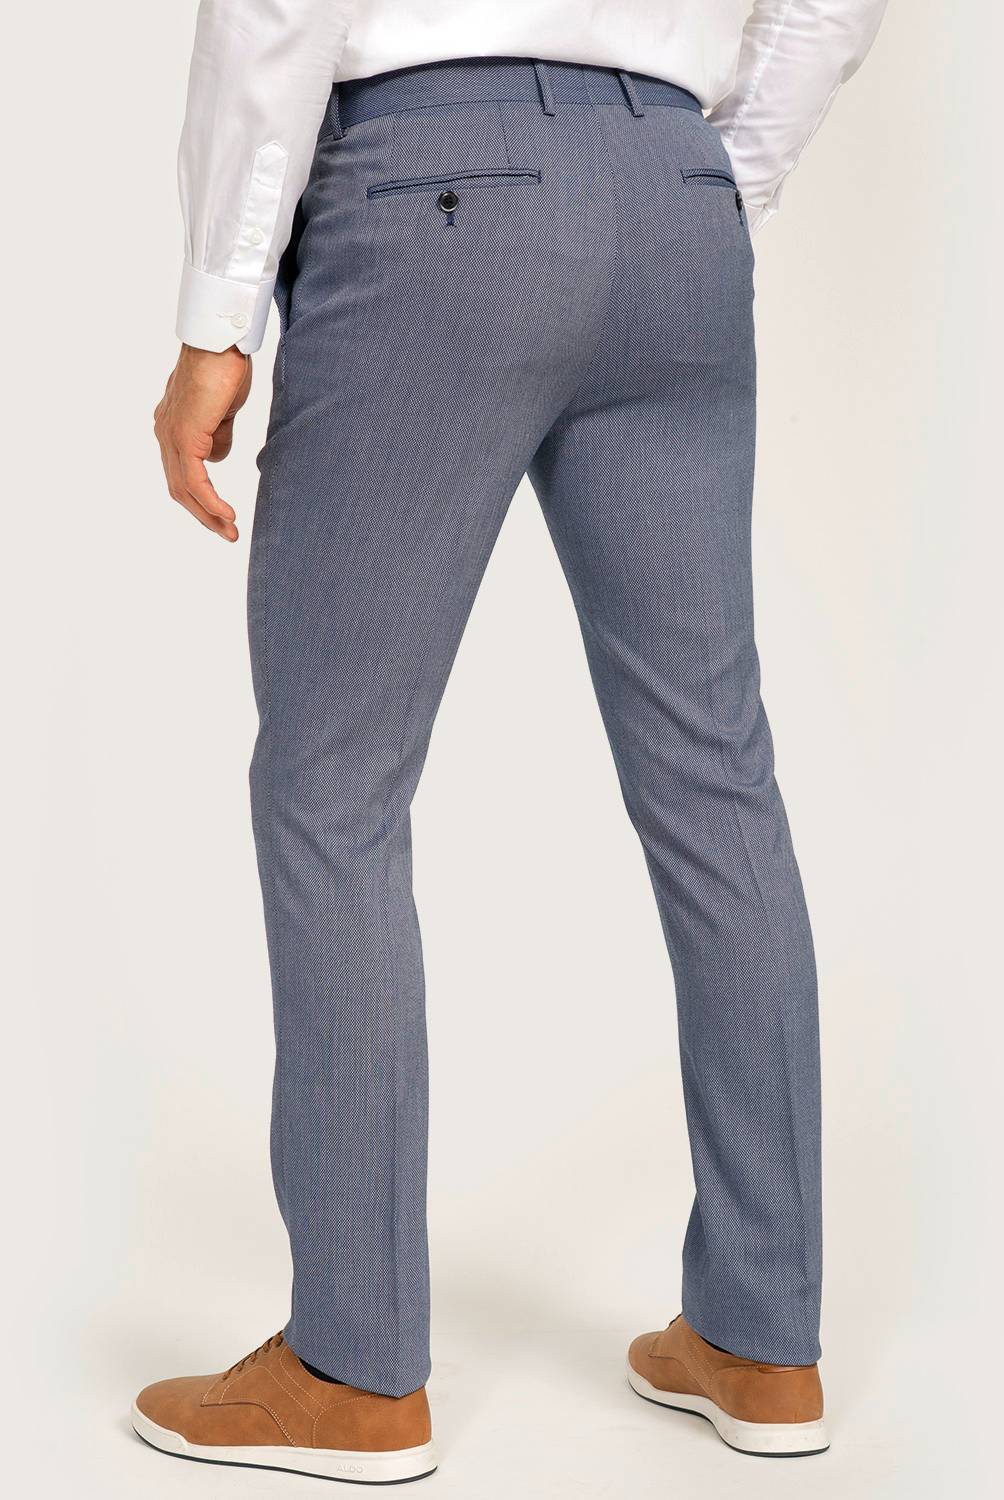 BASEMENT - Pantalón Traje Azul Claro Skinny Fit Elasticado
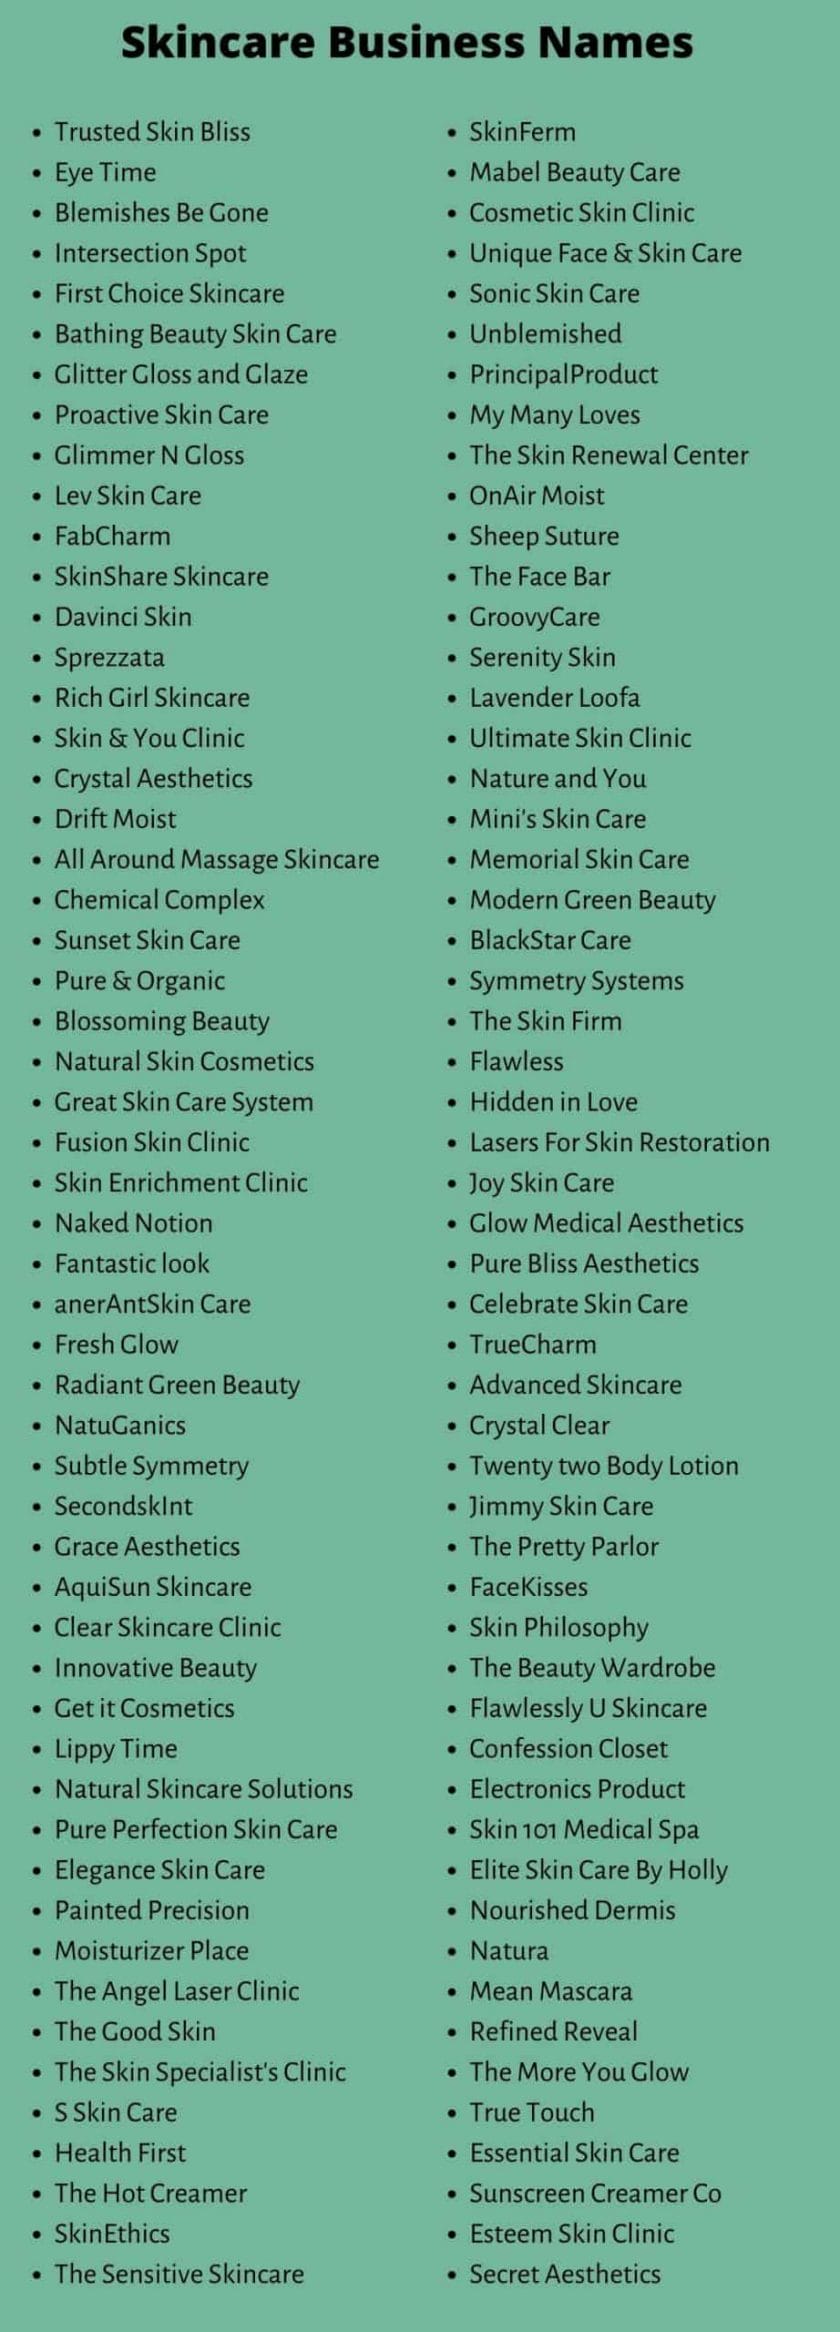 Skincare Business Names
-=-=-
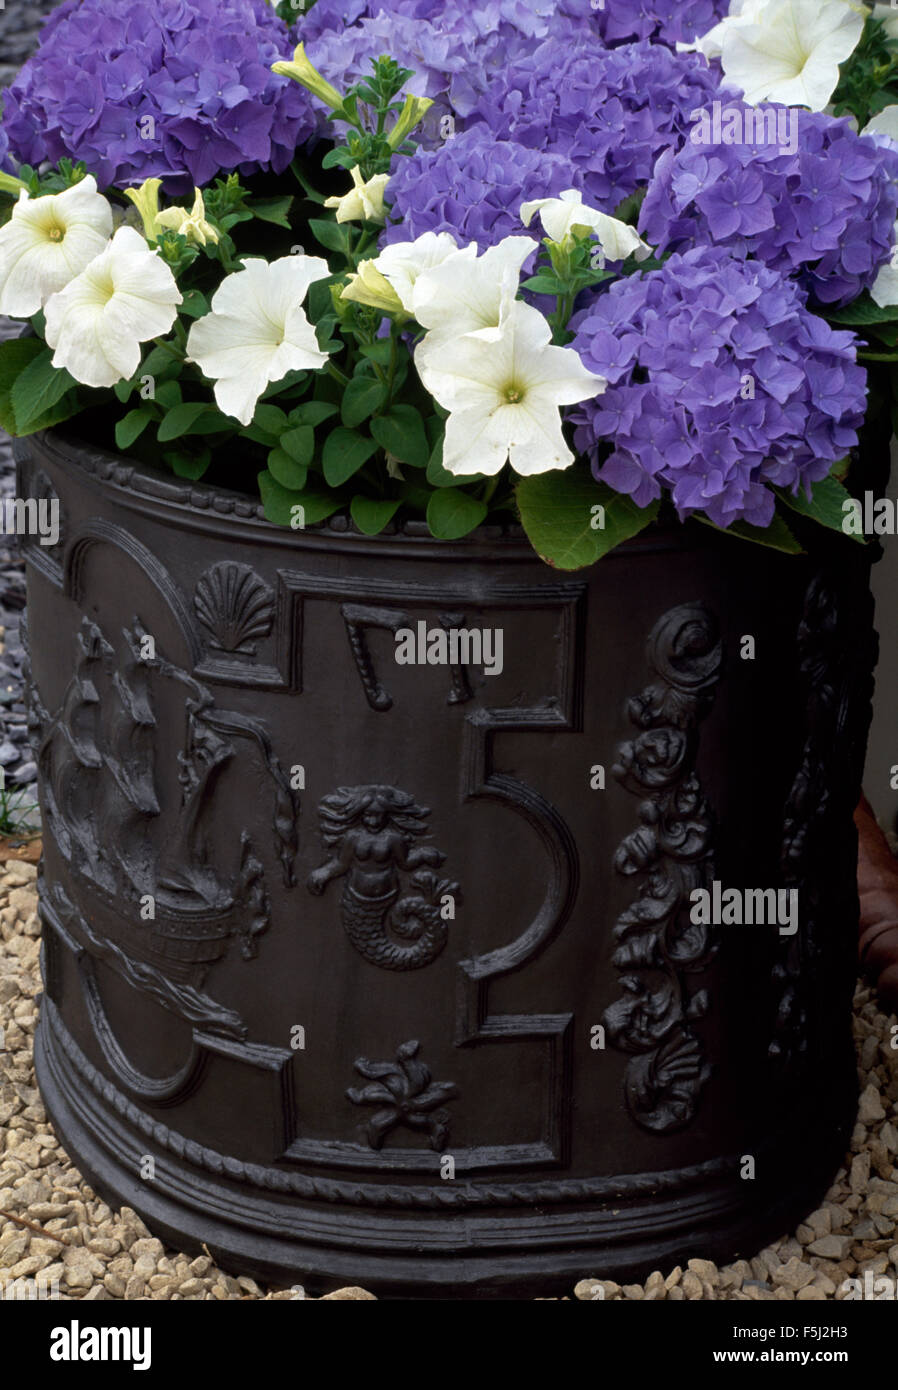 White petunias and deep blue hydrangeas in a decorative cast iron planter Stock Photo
-=-=-
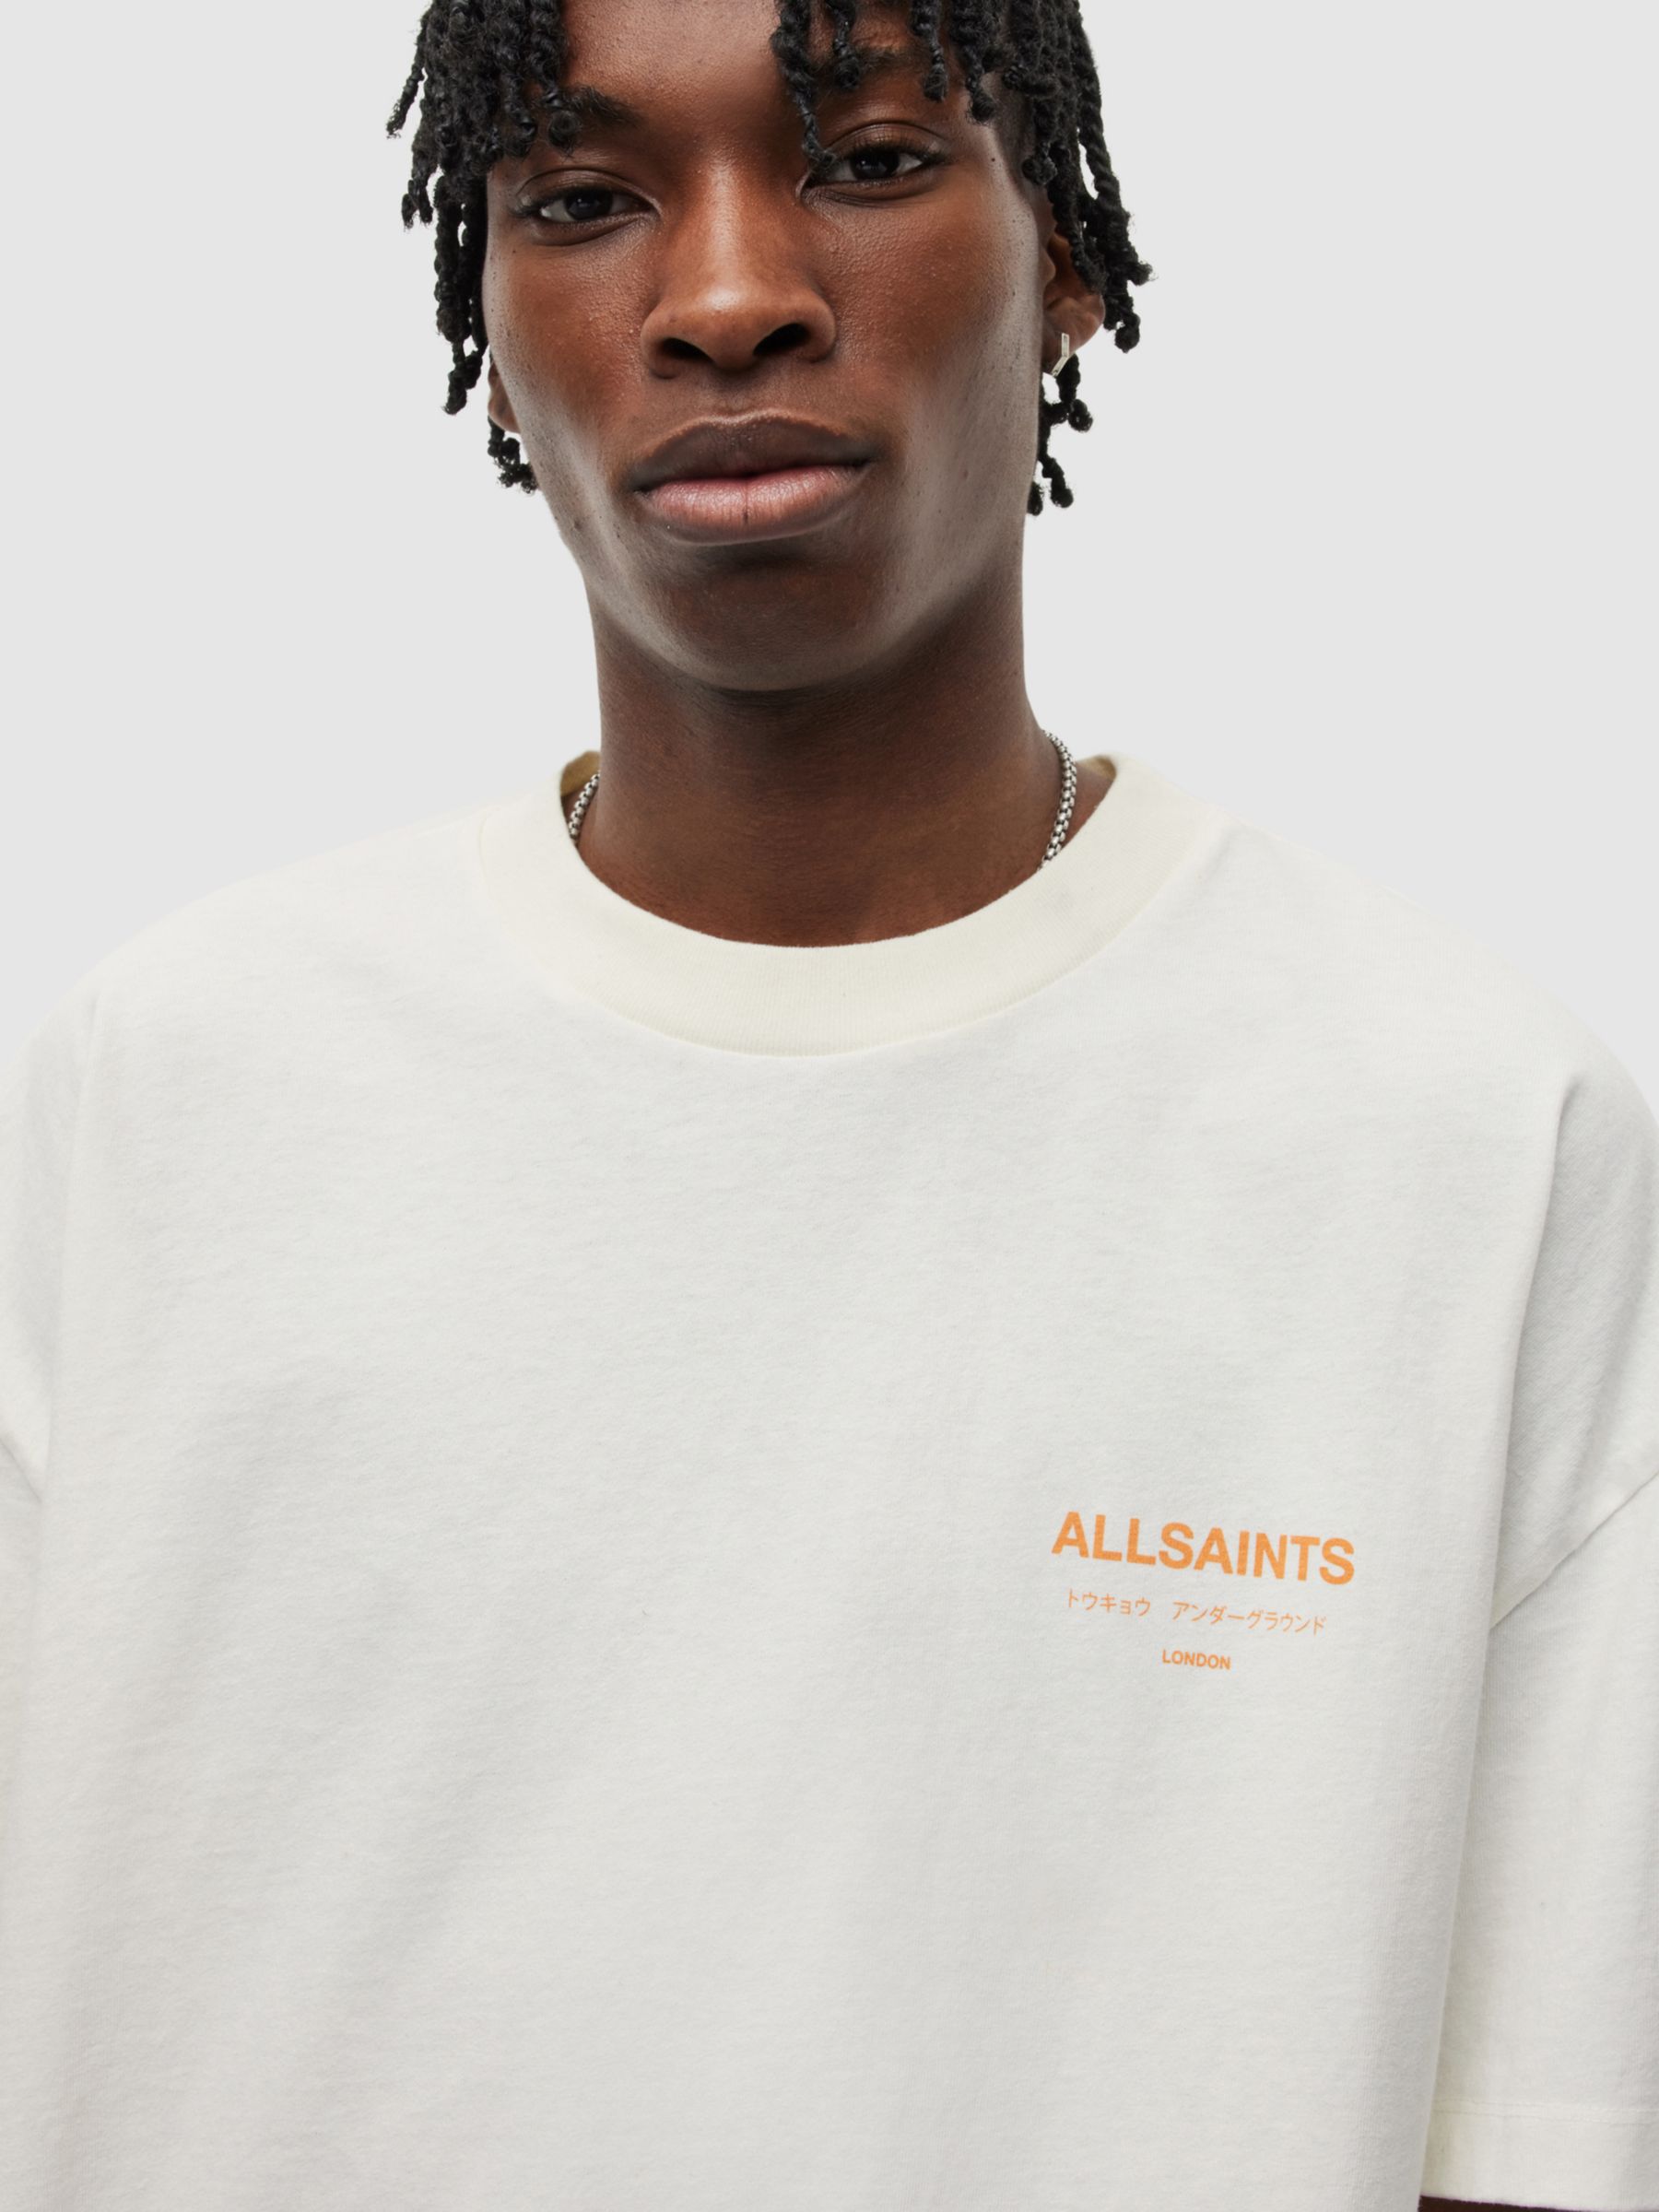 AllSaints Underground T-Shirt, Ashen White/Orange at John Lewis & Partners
-=-=-
» TASK DIRECTIONS
In the records above, find the line containing "BASEMENT - Pantalón" and the line containing "Skincare Business Names", then give both of them again word for word along with every line between. Omit any pictures.

» SOLUTION TO THE PROBLEM
 BASEMENT - Pantalón Traje Azul Claro Skinny Fit Elasticado
 Skincare Business Names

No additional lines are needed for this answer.